Tech talk/demo: Deploying multiple Open edX instances onto a Kubernetes Cluster with Tutor

@antoviaque That’s great, thanks for checking it out!

Yup, that’s what I was going for here! This whole experiment is just a bunch of “glue” scripts to make other existing tools work well together.

Yes, Kubernetes can be quite complex, so we definitely want a managed service.

In my (limited) experience, DigitalOcean’s managed Kubernetes service is the nicest offering (and conveniently, it’s also one of the most affordable). DigitalOcean takes care of all the complexity of managing Kubernetes itself, as well as auto-scaling the cluster, running the Kubernetes Dashboard, etc. (They also maintain the official DigitalOcean Terraform provider, which I used here.) I think it’s a pretty nice separation of concerns, where we are responsible for our application + databases, and they are responsible for the Kubernetes cluster itself and everything it relies on.

Amazon EKS is an alternative, but is way more expensive, and still relies on you to manage a lot yourself. We’ve been using it in production for several years now for LabXchange, so we have a good understanding of it. Perhaps @toxinu might want to weigh in on how much maintenance has been required lately? In the case of EKS, Amazon manages a much more minimal Kubernetes service, and you have to implement things like auto-scaling, the Kubernetes dashboard, and other features yourself - so it’s more complicated. It also relies on “community supported” / semi-official terraform modules like this.

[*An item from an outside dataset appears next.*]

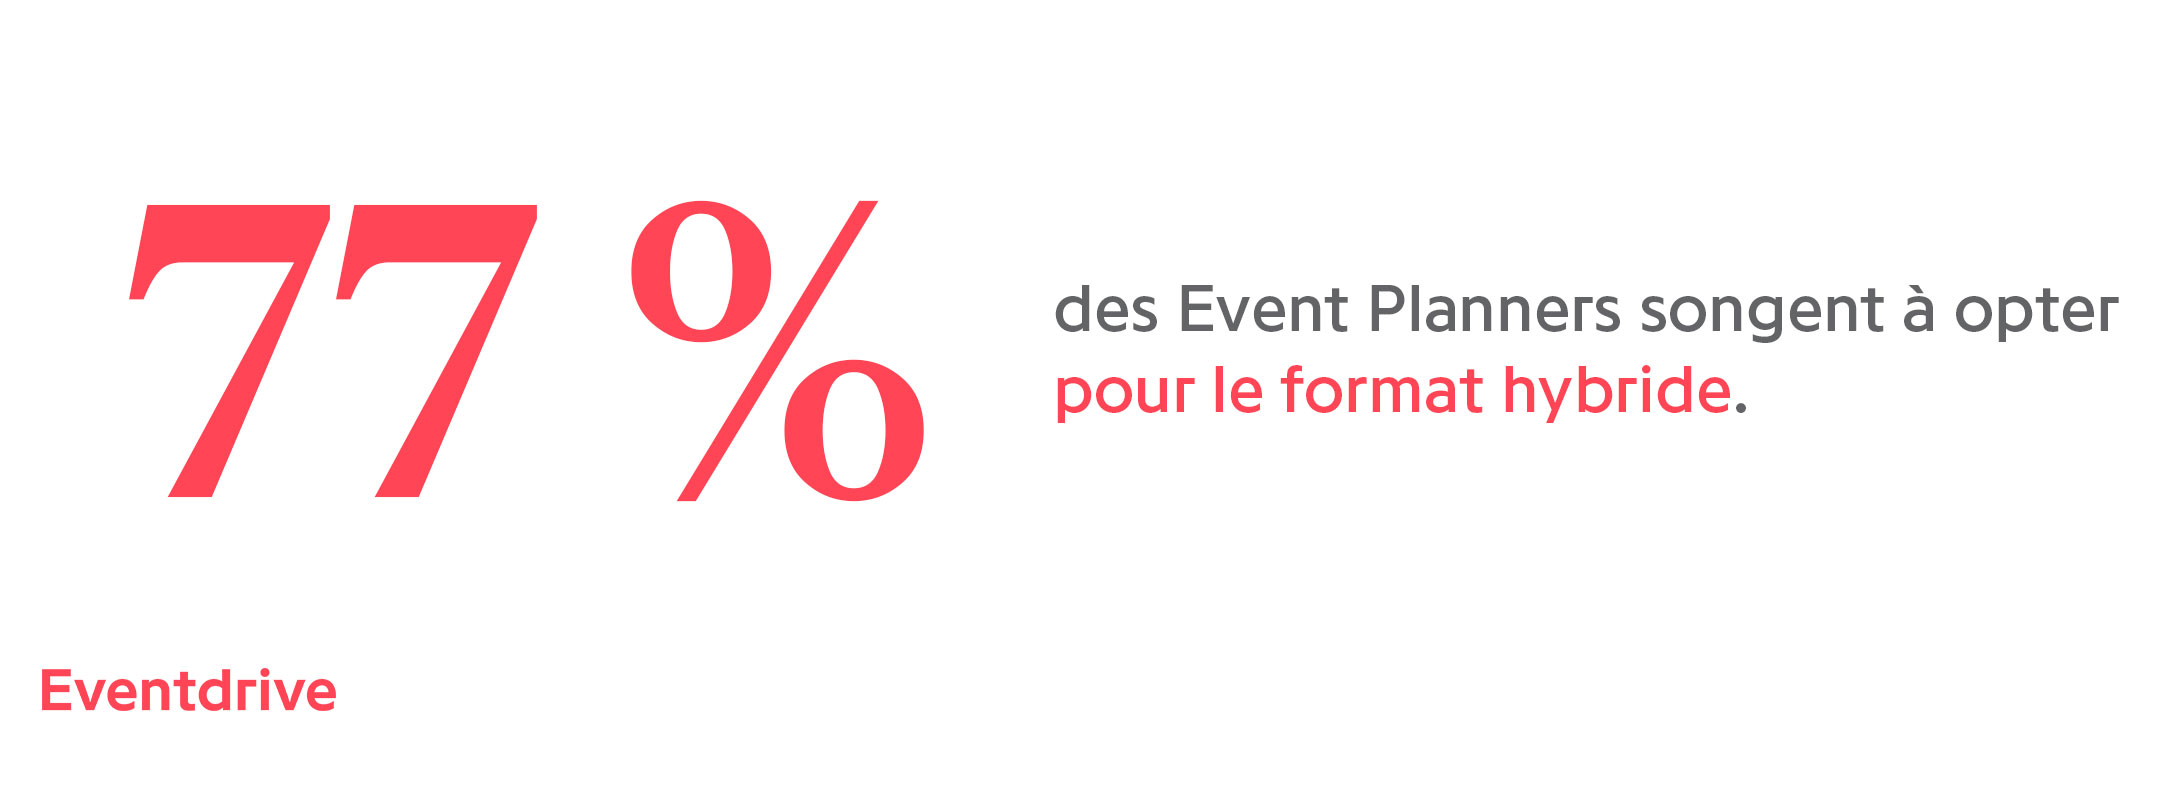 77% des Event Planners songent à opter pour le format hybride

So I think that using DigitalOcean would give us less to manage ourselves than we do today. If we used their managed MySQL service (which is also an option), we could have even one less thing.

Things we (and I’m including “Ocim” in this “we”) still have to manage are:

  • MySQL (or just use RDS/DigitalOcean MySQL)
  • MongoDB (currently Tutor deploys a separate MongoDB instance for each Open edX instance, and I don’t think it has automatic backups)
  • HTTPS certs (Tutor deploys a separate load balancer for each instance, which would get expensive; we can use a very similar approach but with one load balancer per cluster, which will be much cheaper)
  • DNS records

That’s part of what I’d like the reviewers of this project to comment on. So I don’t have a precise answer to that yet.

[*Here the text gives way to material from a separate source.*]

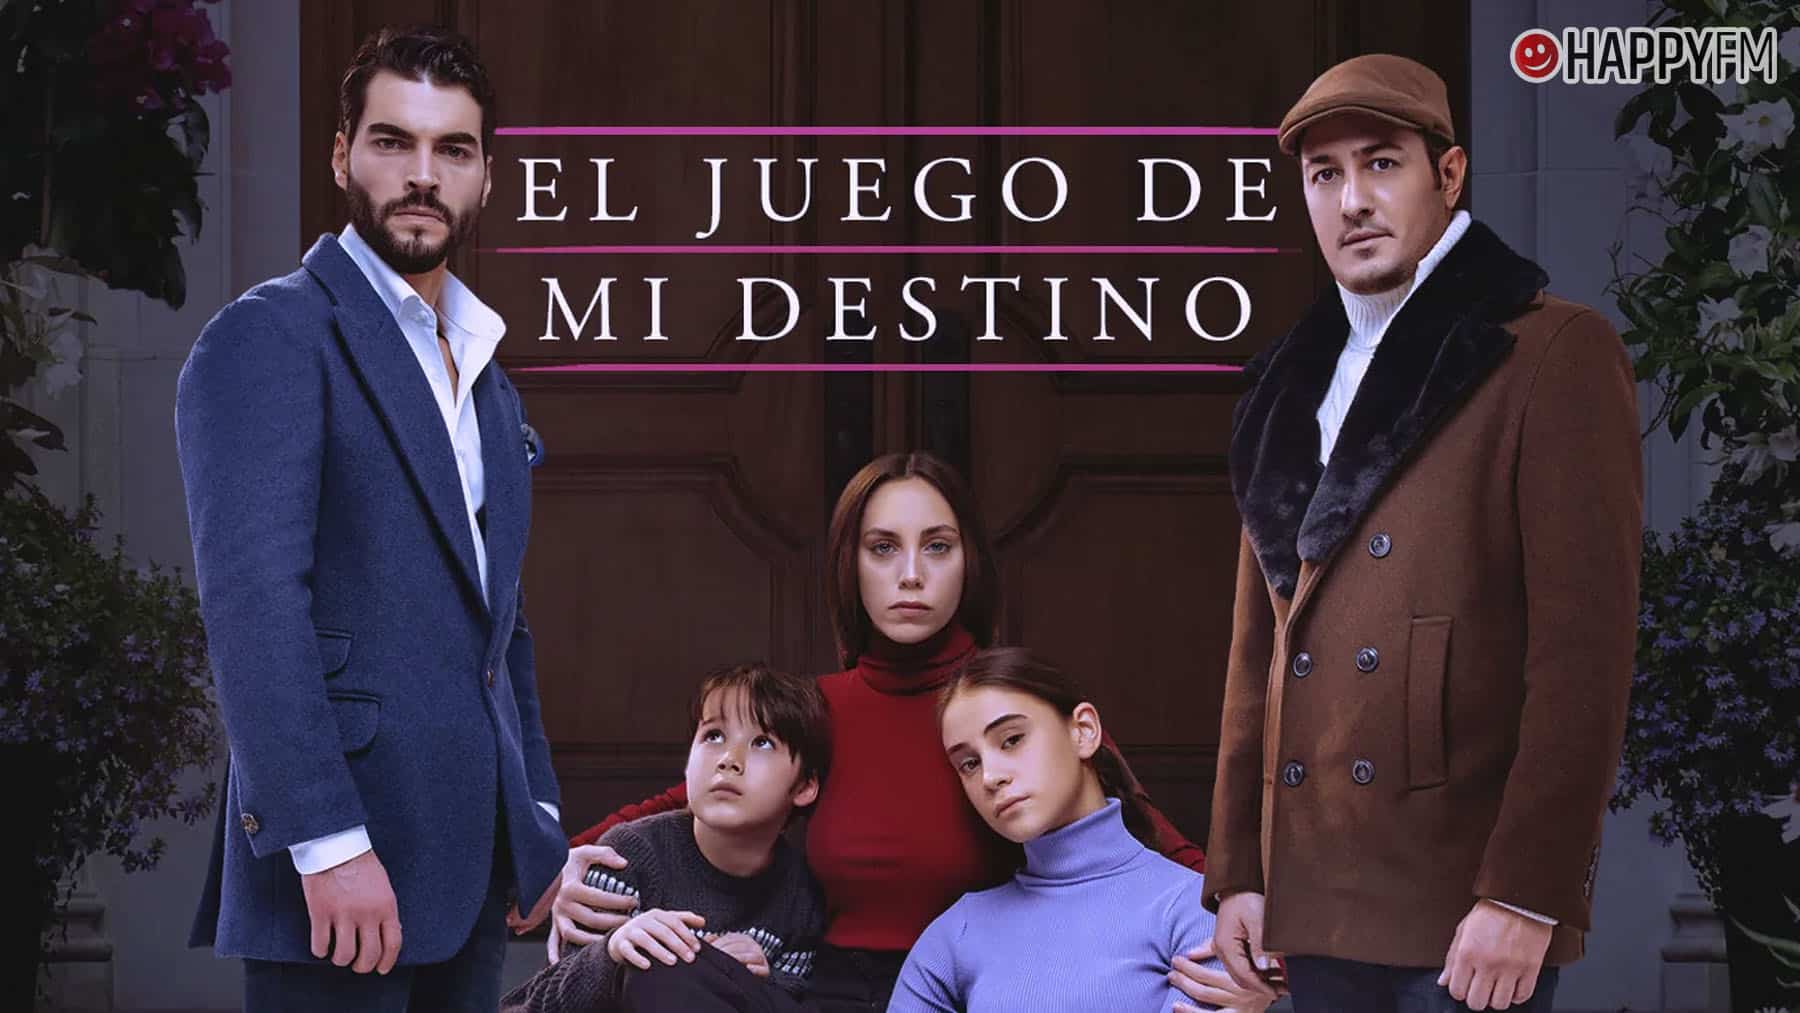 ‘El juego de mi destino’: Qué días se emite y dónde ver (online y tv) la serie turca en España loading=

In some sense, this project acts like a “mini Ocim”, and provides some overlapping functionality (i.e. deploying and managing lots of Open edX instances) just using Gitlab.

Here’s how I’m thinking of the major pieces:

  1. Customer portal: To me the most obvious thing that it lacks which Ocim provides is a secure customer portal that allows customers to deploy their own instances, manage things like theming / billing, etc. So I think that’s a clear role for Ocim going forward.
  2. Orchestration: As for orchestrating upgrades and running the various tools like Terraform or Tutor, we can choose to use GitLab CI to do that as I’ve shown here (with Ocim triggering it as needed using the GitLab API) or implement that in Ocim (which wouldn’t be too hard, as it mostly involves running external commands which Ocim already does). I think we need a bit more discovery/experience with GitLab CI to answer this.
  3. Managing Open edX: Some Ocim code is related to specific nuances of Open edX, like the upgrade process. But Tutor also includes similar code to deal with those things, and has more community usage. So I think we should see if Tutor will cover our use cases and if we have an effective relationship with Tutor as a key upstream project; I think that’s a good goal and based on my experiments so far it seems like it’s possible. However, if not, we’ll need to continue having Ocim handle that.

If we can say that Ocim will mostly focus on (1) and we’ll integrate it with GitLab CI or GoCD for (2), and Tutor for (3), I would say that’s a big win in terms of simplification and re-using existing tools. But I’m not yet clear on how much if any of (2) we can/should move out.